Identifying three distinct elements to the supply chains can help conceptualise this network. The large enterprises which drive the process balance their supply chains between sectoral expertise, increasingly global, and lower cost repeat production, looking first within their region if sufficiently economical.
This can be illustrated as below, noting that while modern trade is particularly concentrated in three regions, Asia (mainly East, South, and Southeast), Europe, and North America, there is a diversity of traded goods and services sectors.
Implications of Global Value Chains
Globally competitive companies must make their own decisions about how best to operate their supply chains. Governments cannot in general force them to increase domestic production, or indeed make any quick decisions. Global value chains and modern trade therefore exist largely outside the direct control of politicians, even where national champions or state owned enterprises exist.
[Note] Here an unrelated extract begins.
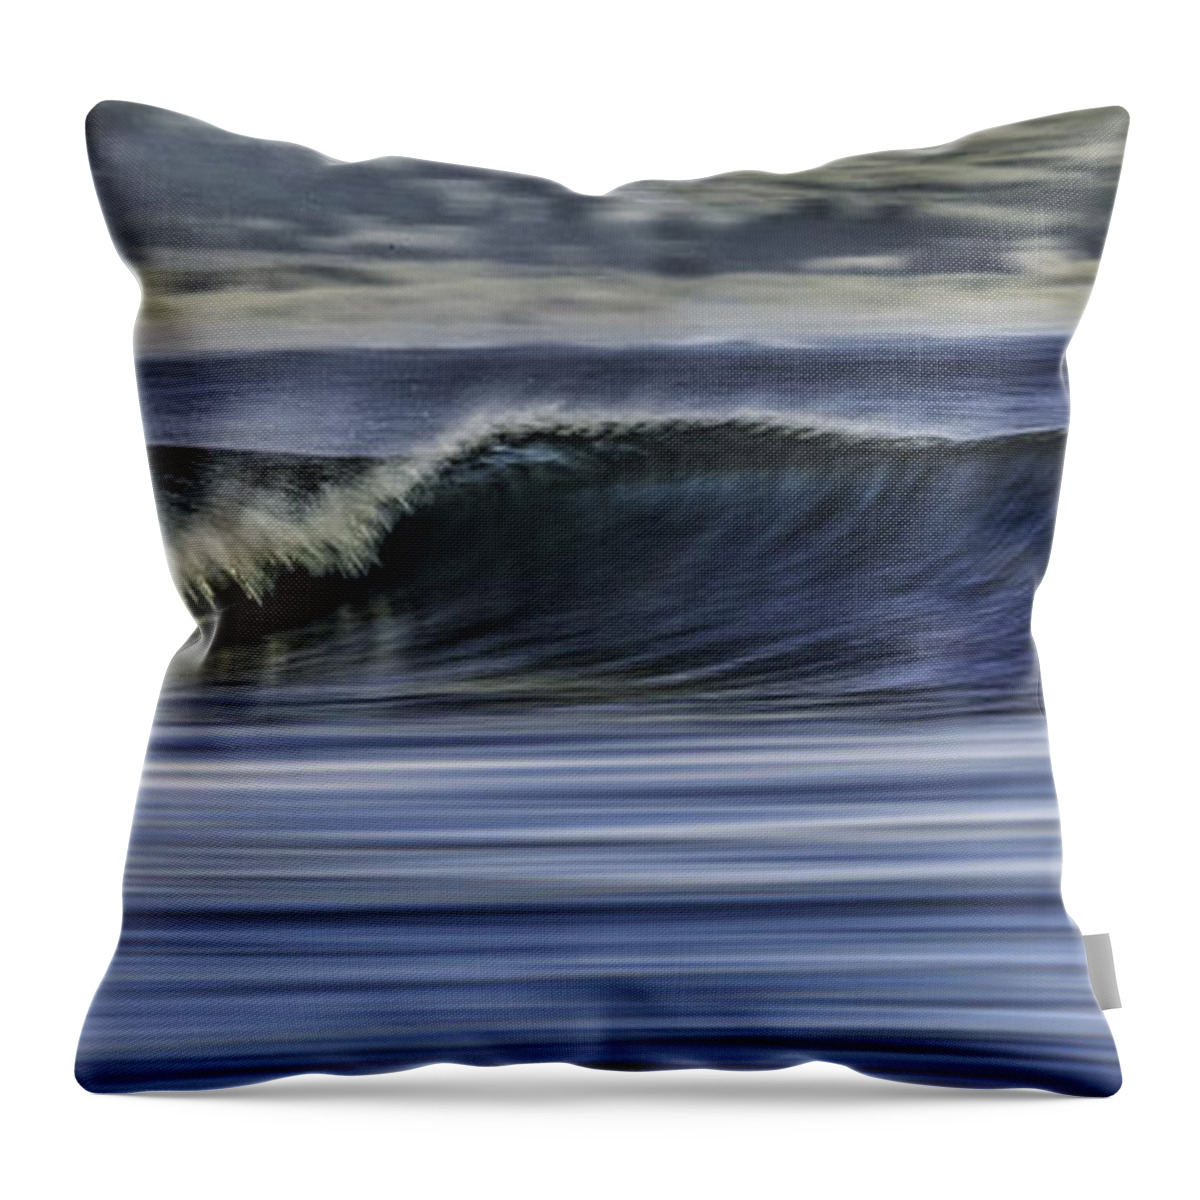 Drakes Beach Throw Pillow featuring the photograph Drakes Beach by Don Hoekwater Photography

This lack of control over the economy may even influence governments to revert to more traditional views of trade in the hope this can make a difference.
Yet governments can and do influence value chain decisions. China positioned itself in the 1990s as a low cost high quality provider of complex consumer products on behalf of multinationals through various policies. European countries have sought to create specialist clusters of deep technical expertise, in the car industry, aerospace, or pharmaceuticals. Conversely new barriers to UK-EU trade are seeing some supply chains restructured without UK components.
Governments have numerous policy levers, such as trade, skills or taxation policy, but need to think carefully about the nature of modern trade in using them. President Trump’s targeting of US imports from China in the hope of stimulating domestic production failed to consider value chains. Rather it encouraged some manufacturers to transfer production to Vietnam to avoid tariffs, where such a short term move was possible, rather than set up expensive new operations in the US.
Similarly Free Trade Agreements focused predominantly on old models of trade are no guarantee of attracting greater domestic manufacturing or greater participation in supply chains. While stable and open trade relations are an important foundation, individual changes are unlikely to be significant. Similarly predictable regulatory and skills frameworks are likely to be more important than constant change. Supporting specialisms, reducing general costs for example through better infrastructure, and attracting major inward investments would then seem to be specific policies which could enhance supply chain participation.
Conclusion
Global value chains have become the predominant reality of international trade, and the factors behind their growth seem unlikely to change significantly. The ability for companies to operate globally, using the best technology and most cost efficient production, is here to stay. The implications are profound, economically and politically, as we may have already seen in the rise of populism, but equally in providing equipment and global research collaboration to fight Covid. Policy makers need to adjust their assumptions on trade accordingly, before considering what actions will be most effective in meeting their objectives.